Thundina put a hand up next to her eyes and in a hushed voice said to Talor and Boris, “He’s actually going to do it!  Hasn’t he ever been in a place like this?  Don’t draw attention to yourself and you probably won’t get randomly stabbed.”  Thundina glanced around quickly, “Not that I’ve ever been somewhere quite this bad, but that makes the point all the more poignant.”  Thundina eased herself down the bench, closer to the door.

Scyther in a confident voice rumbled, “We desire an audience with Rule of Three.  If anyone could assist with arranging an introduction, we would be most grateful.”

All eyes in the room instantly snapped to Scyther and one of the yugoloths playing cards threw his cards down in disgust, stood up and glared at Scyther, “Sit down, shut up, and go  yourself.  No one here has any interest in helping a nobody like you.”

Scyther stared back at the yugoloth, “That is an anatomical impossibility.”

The two stood staring at each other a moment longer with all the patrons of the bar watching and whispers of bets being placed beginning to circle when an impeccably dressed wispy scholarly githzerai weaved through the crowd and dropped a few coins as he passed.  The assembled demons and drow took the more immediate profit of scooping up those coins and lost interest in the impending confrontation and even the yugoloth settled back to his card game.

“Did someone, a person, an individual say my name?  I heard someone calling for me, myself, I, and I came.  I am Rule of Three.”
Scyther then said, “Yes, sir.  My friends would like to meet you.”

At the table Scyther made introductions before Rule of Three asked, “What is the purpose, meaning, intention for you wishing to see me, myself, I?”

Thundina took out the note captured from the drow priestess, “We’re looking for a contact that was said to be here.  We had heard that the Rule of Three of Sigil is intriguing and we want to know more about the portal to Eberron the drow are using.”

Rule of Three spotted the note Thundina held, “May I see that parchment, scroll, note?  What happened to the drow who previously carried this?”
Thundina shrugged, “She had a little accident.  We’re here now instead.”

“We should retire to me my booth, table, nook to discuss this further.”  Rule of Three led the party to a private booth in the back of the Oarsman.  “Yes, I can help you return to home, Eberron, the Prime Material Plane and stop the threat there, here, everywhere.”

“Excellent,” Thundina smiled.  “How do we stop the drow from menacing Eberron?”

“I will need you to do three errands, tasks, quests.  The first is to visit the Tower of the Prophet in the Ladies Ward, open the Eye, and ask it how to blind the Spider Queen.”

Thundina waited a moment before asking, “You had mentioned three errands.  What are the other two?”

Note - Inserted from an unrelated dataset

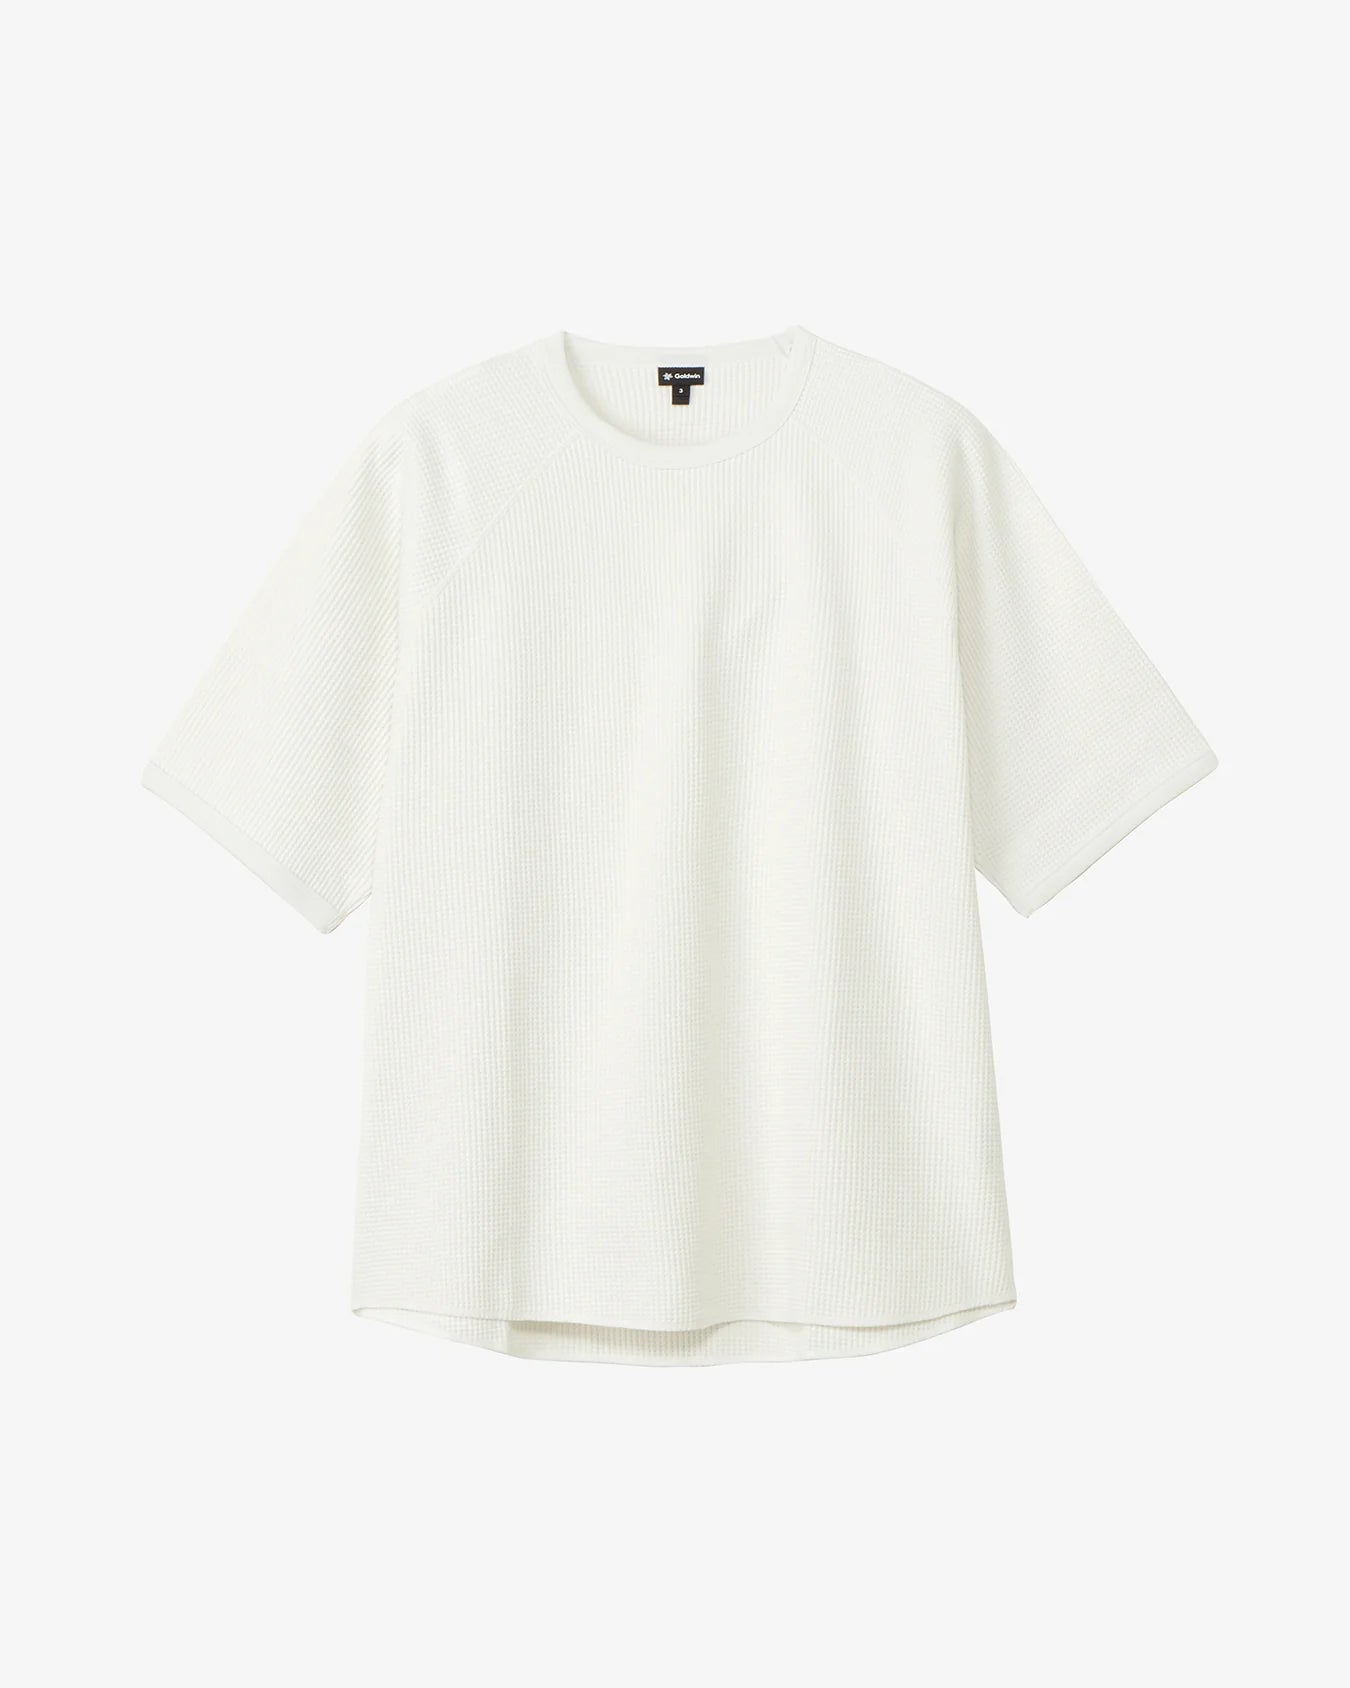 WF Light T-shirt - White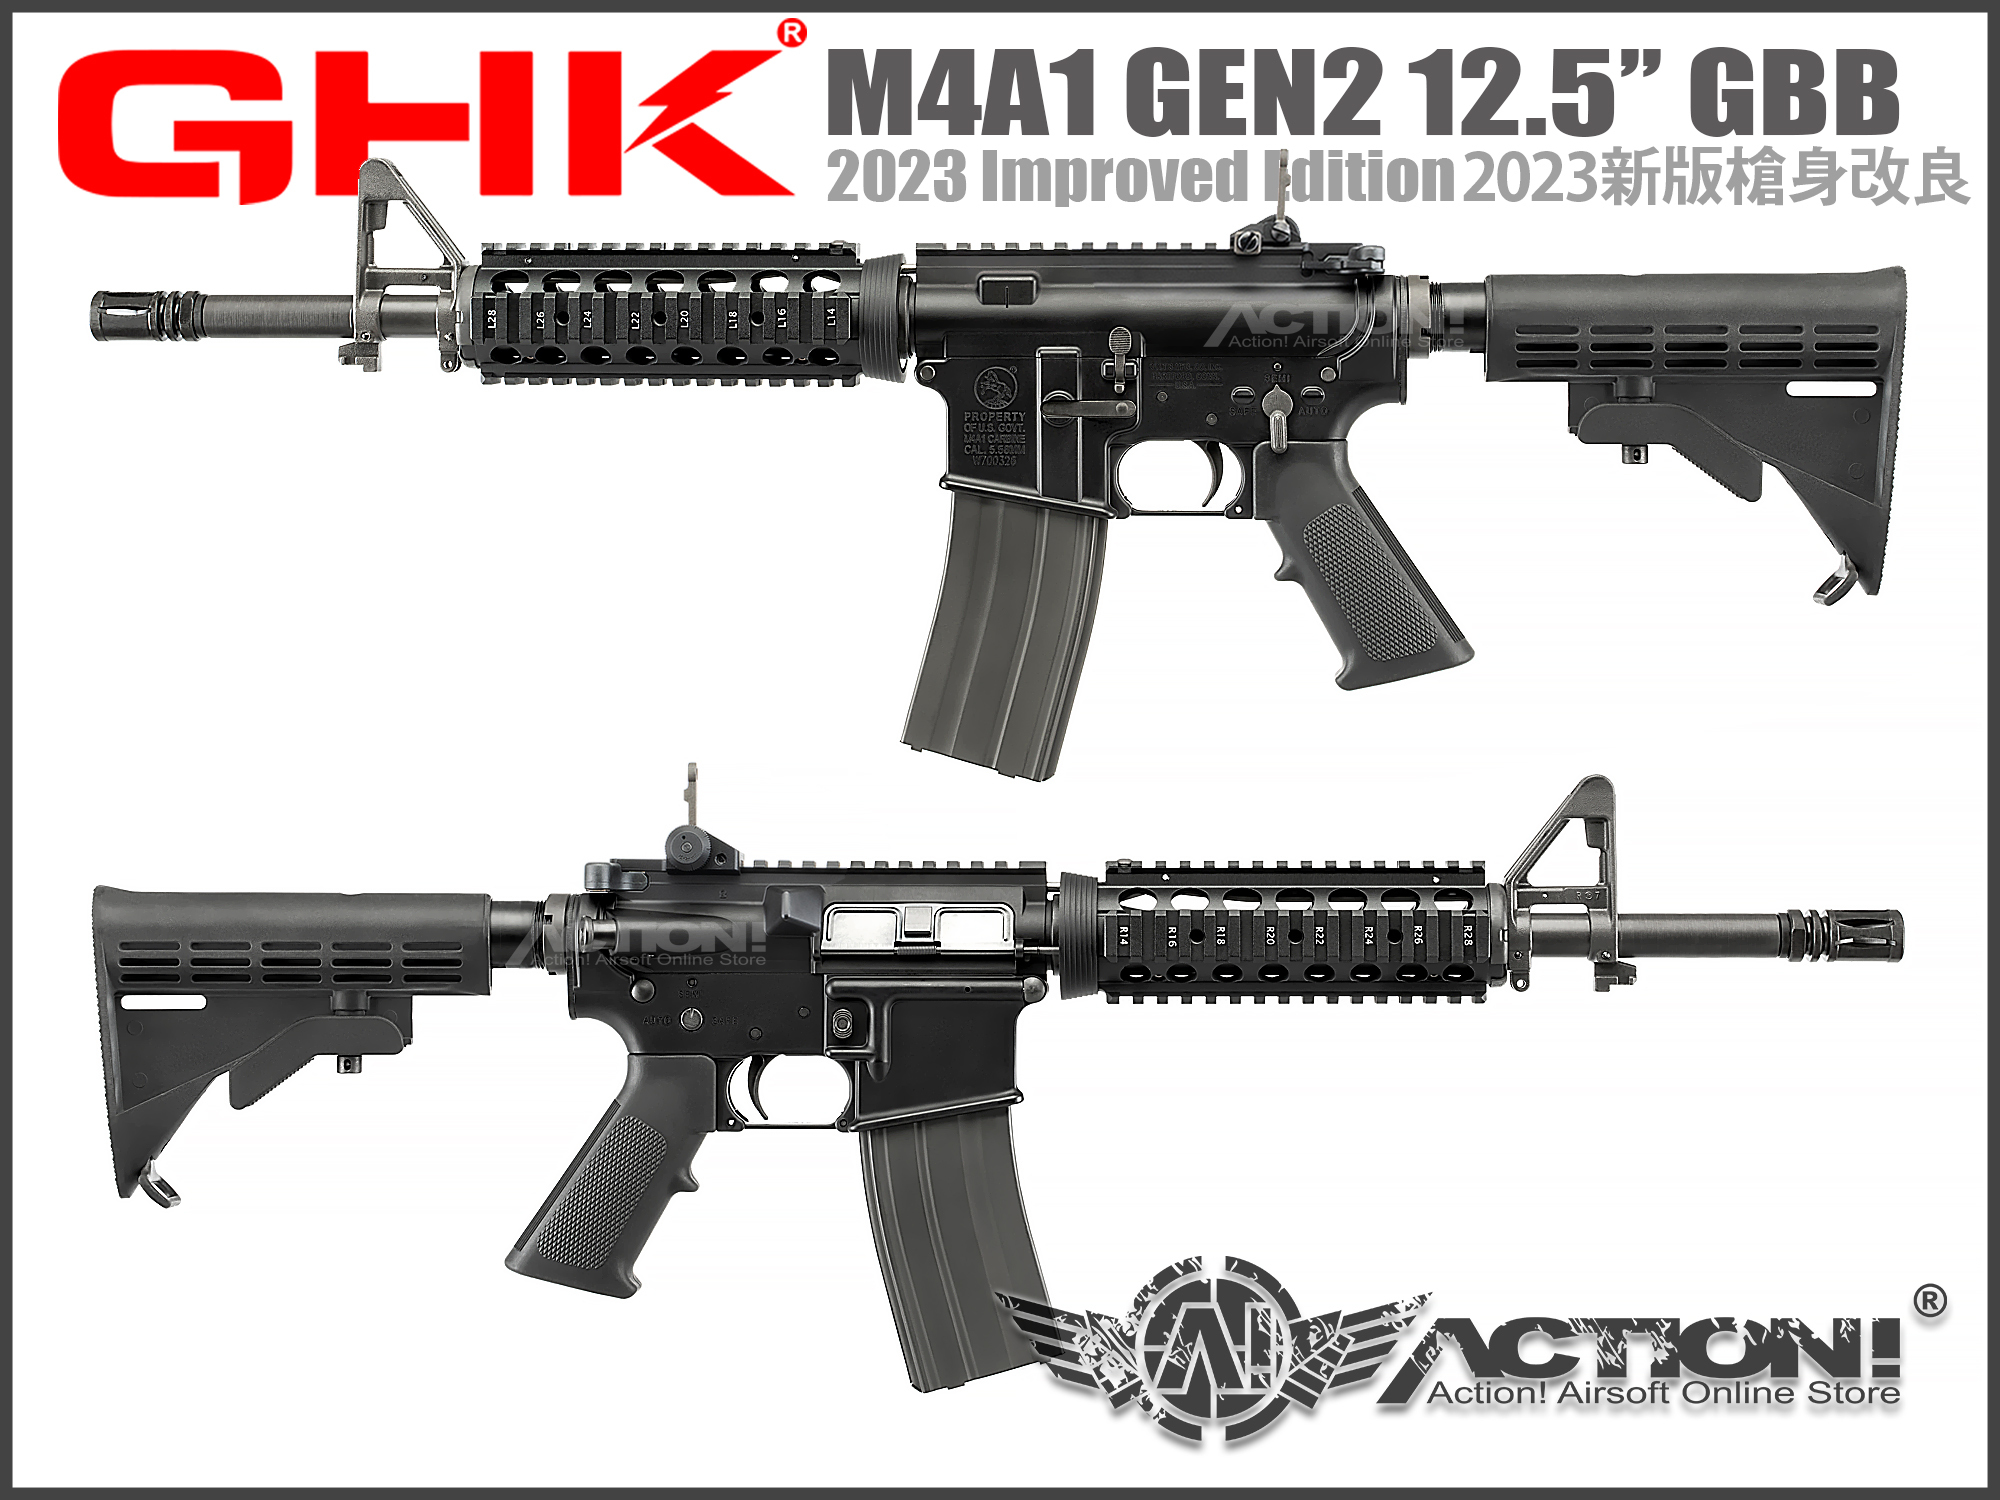 GHK - M4A1 GEN2 12.5

The wispy scholar replied, “Let us first hear the prophecy, revelation, foretelling.  It may have an effect on the two.”

“That’s all well and good, but why are you needing us to get the prophecy from the Eye?”

“There has been some misunderstanding, misconception, discord and I have been barred, forbidden, prohibited from visiting the Tower of the Prophet.  I am a great foe, enemy, adversary of Lolth, I assure you.  There have been rumors, meetings, plans that Lolth is planning something big.  The drow are stirring, rousing, agitating everywhere from Eberron, to Sigil, to the Demonweb Pits.”

“Once we have the prophecy, will it directly tell us our next step?”

“Perhaps, maybe, possibly.  I have this booth, table, nook permanently reserved; I will be waiting for you here.”

The party departed the Lower Ward, dominated by demons, and traveled to the far side of Sigil and the Ladies Ward, dominated by angels.  The shining yellow stone tower of Tower of the Prophet gleamed and drew the party’s attention.  Two sword archons stood guard at the entryway below a single stained glass window.  Inside a single golden sphere whirled in the middle of the room, surrounded by worshippers.  Shrines to Bahamut, Pelor, Heironeous, and the Sovereign Host stood in the four corners of the room.

Three great bear-like angels stood beneath the golden orb, arms raised in reverence.  One noticed the presence of the party and approached, “I am Humbert.  How can I serve?”  As soon as he got near the party he froze and the helpful smile faded from his face.  “No child of chaos may be in the presence of the Eye.”

Thundina scowled, “Fine, we can find our own way.”  Thundina walked out of the Tower.  When the rest of the party did not immediately follow, she sat on the steps and thought of the experience from earlier in the day.  

Boris came storming out, sat down beside Thundina, slammed his fist on the ground and protested, “If mummy were here, they would have never dared.”

Thundina who was now lying on her back looking up at the arc flatly said, “What do angels know?  We already have a prophecy, victory for us and defeat for the spiders if we do not trust the angels.  Angels are liars.”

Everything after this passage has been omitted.